The final camp wasn’t closed until 1946, after World War II had ended.

The findingDulcinea Web Guide to World War II links to the most comprehensive and reliable sources on the war.

Resources for Learning About Japanese-Internment

The National Archives features official documents relating to the relocation and internment program, including detention and internment files, public hearings and testimonies, and an index of compensation and reparation case files. It also provides a teacher’s guide.

“Confinement and Ethnicity,” a 1999 report published in the National Parks Service’s Publications in Anthropology, examines life inside the internment camps. It also provides a map detailing all the camps and relocation centers.

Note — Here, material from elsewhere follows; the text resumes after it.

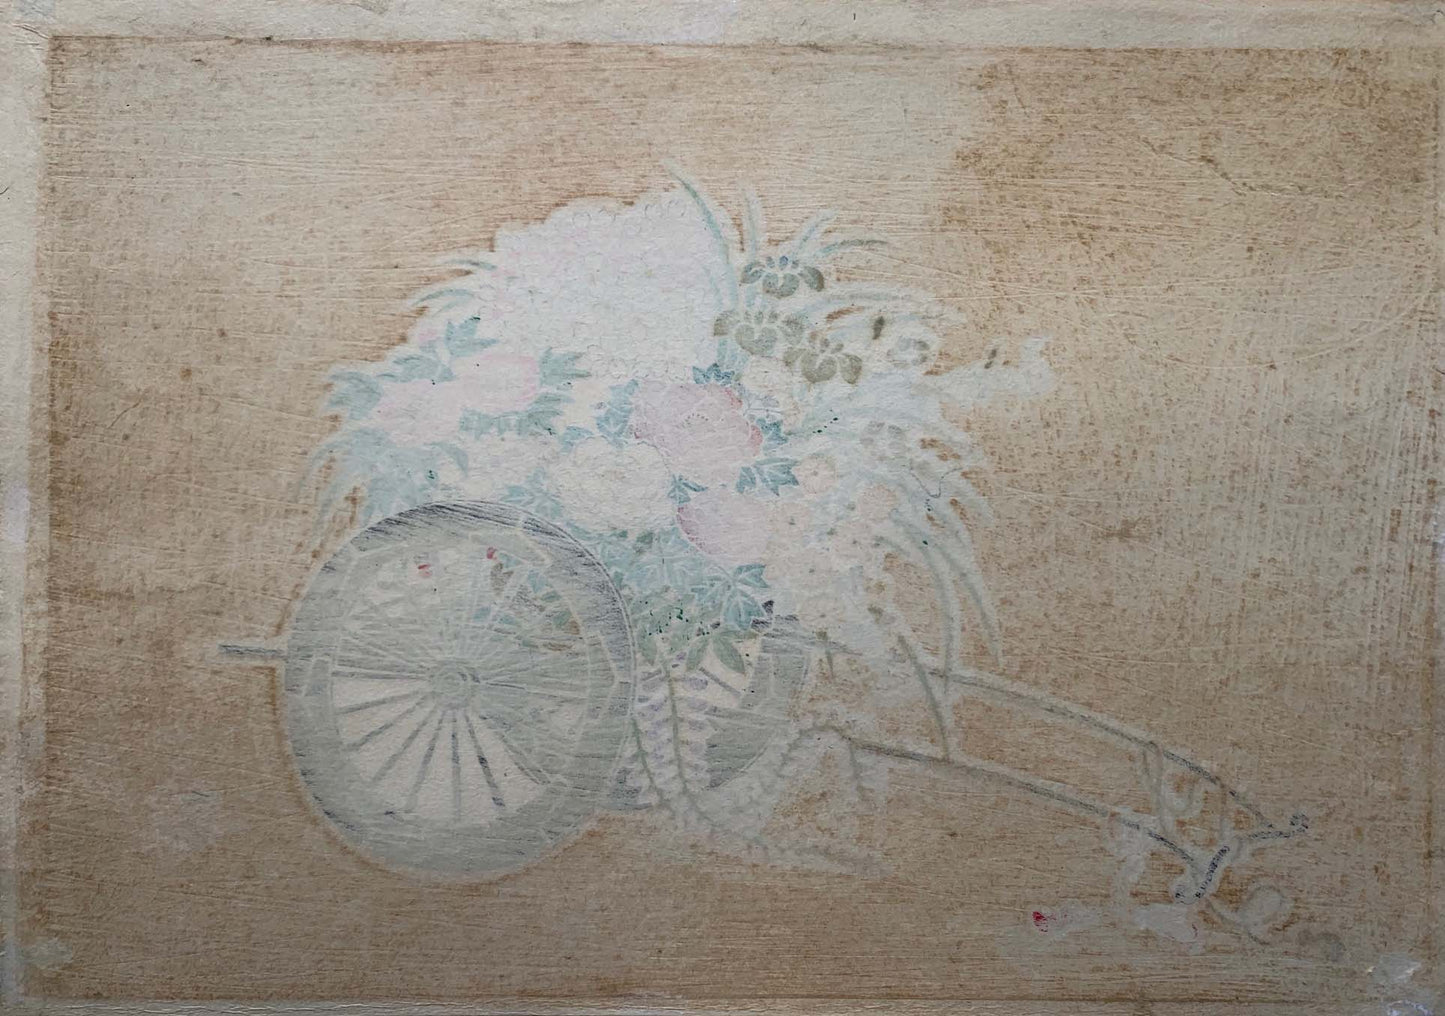 estampe japonaise shin hanga de tasaburo takahashi chariot de fleur printemps, dos de l'estampe

The Smithsonian Institution’s “A More Perfect Union” gives an overview of internment, provides a collection of more than 800 artifacts, and includes a teacher’s guide. The Smithsonian also examines internment through four letters written by internees to a San Diego teacher.

The Manzanar (Calif.) National Historic Site, the site of a war relocation center, describes life in the camp, features oral history interview with former internees, and provides lesson plans for elementary and high school teachers.

The Library of Congress has a large collection of internment camp photos taken by famed photographer Ansel Adams.